I was lucky, and I benefited from women who fought the battle to give me the right to feed my babies whenever and wherever they are hungry.

Almost any kind of human (or animal) rights advocates are seen as extreme by those unassociated with their cause. I figure you have to be “extreme” to make anything happen. Does campaigning to pass breastfeeding legislation seem silly and extreme? Without it, nursing mothers can be arrested for indecent exposure (and have been.) I wholeheartedly appreciate the efforts of “lactivists” all over the world who have created a more accepting place for breastfeeding mothers and their babies to be.

More to the point, would I post a picture of myself nursing one of my kids as my Facebook profile picture? No.
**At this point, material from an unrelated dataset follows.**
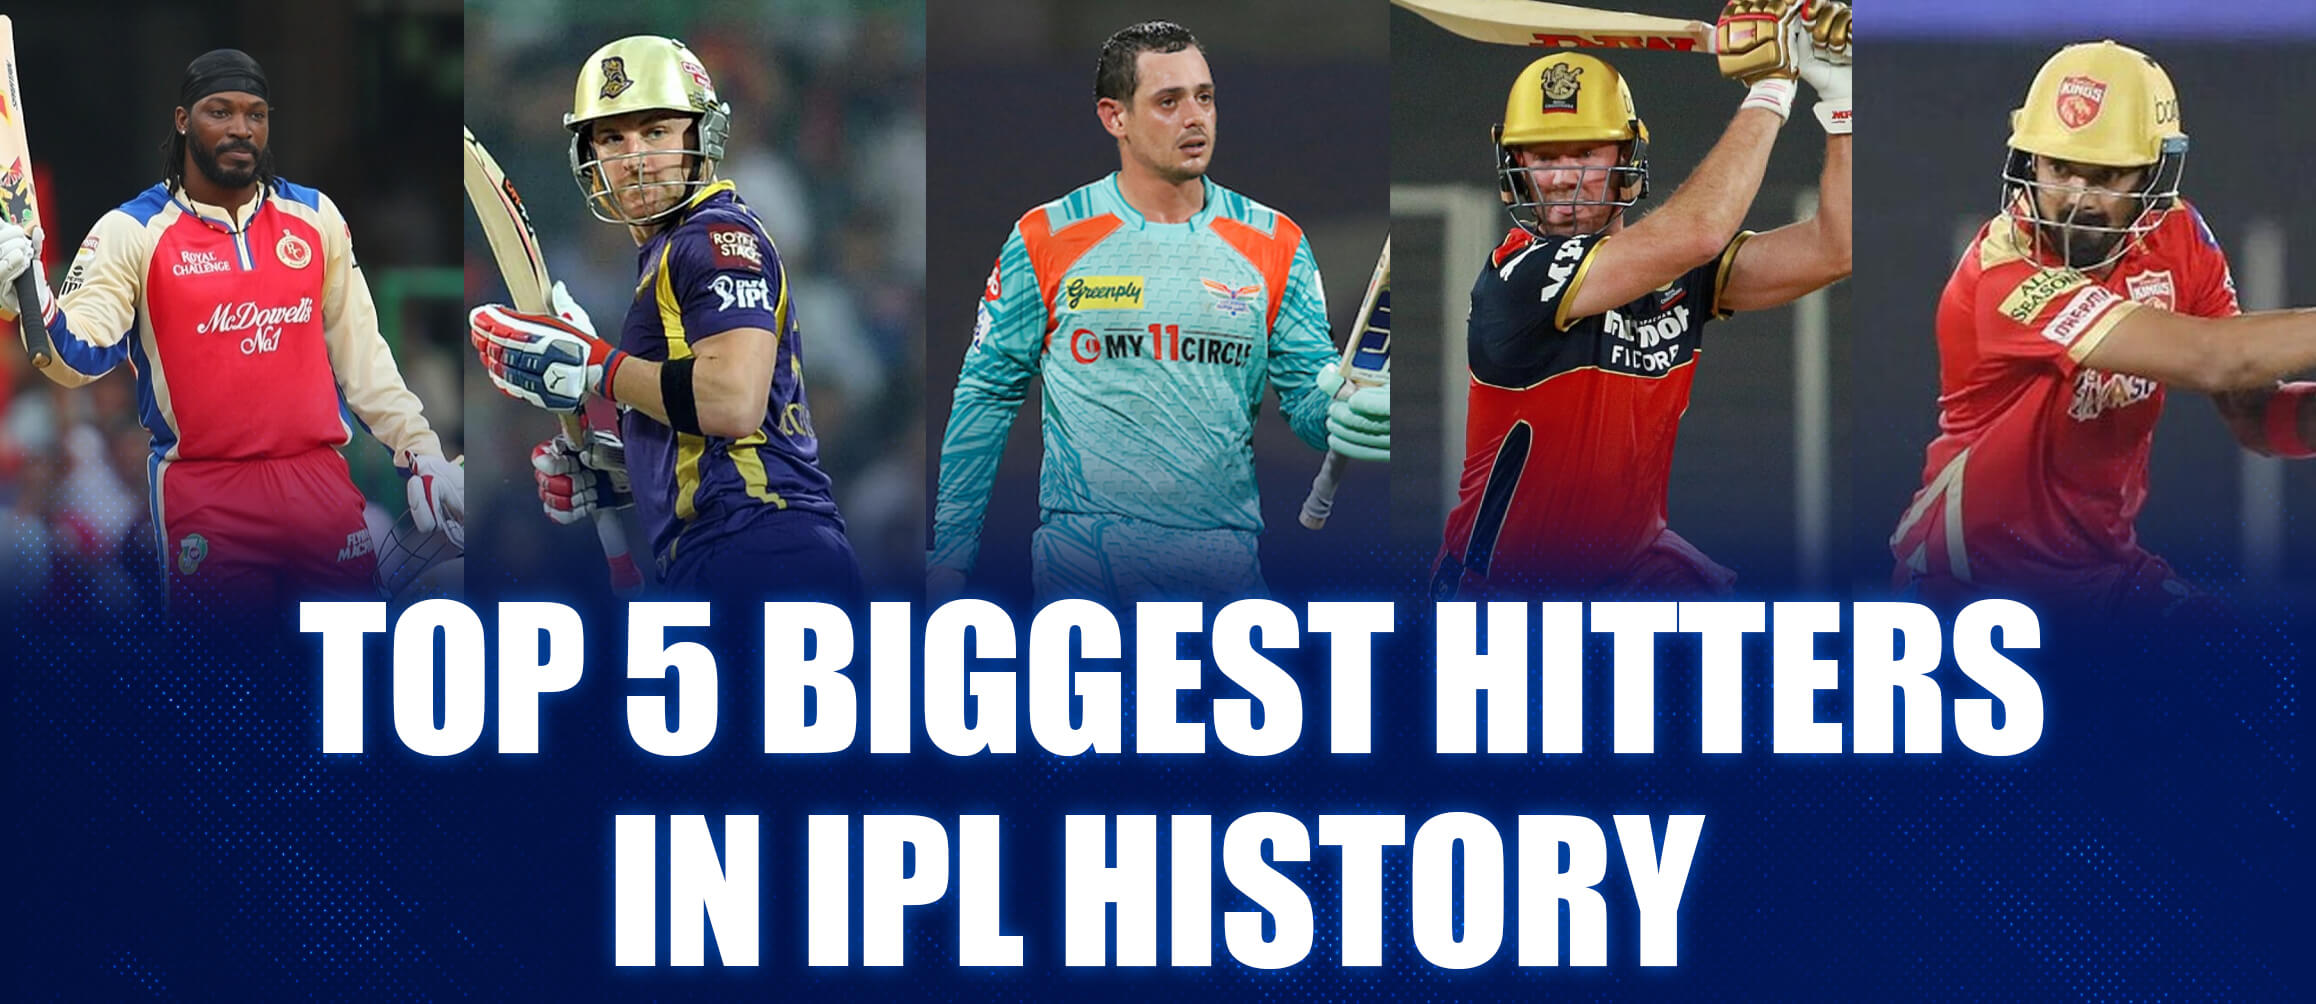 Top 5 Biggest Hitters in IPL History

To me it is an intimate experience that I would wish for everyone but don’t need to share with everyone. But should the posting of such pictures be regulated by this or any organization and labeled as obscene? No! I see more breast on the sixteen-year-old, bikini clad, girls dotting my brothers’ friends lists than you ever could on a nursing mother. A baby’s head, after all, is bigger that the span of one side of any bikini top.

To me, the insult lies in the fact that it’s obviously not the baring of flesh that’s offensive (for the above reason) but the act of the mother nursing her child. Or, as some apparently view it: a person sucking on a woman’s breast. To me it is just another example of objectifying women’s bodies and a very confused culture.

Is breastfeeding not covered in health class? It should be. I feel like a member of a small minority of people in the world who understand what breasts are meant for, that babies need to eat when they’re hungry and that a glimpse into the breastfeeding relationship between a mother and her baby is one of the most beautiful things a person will ever behold.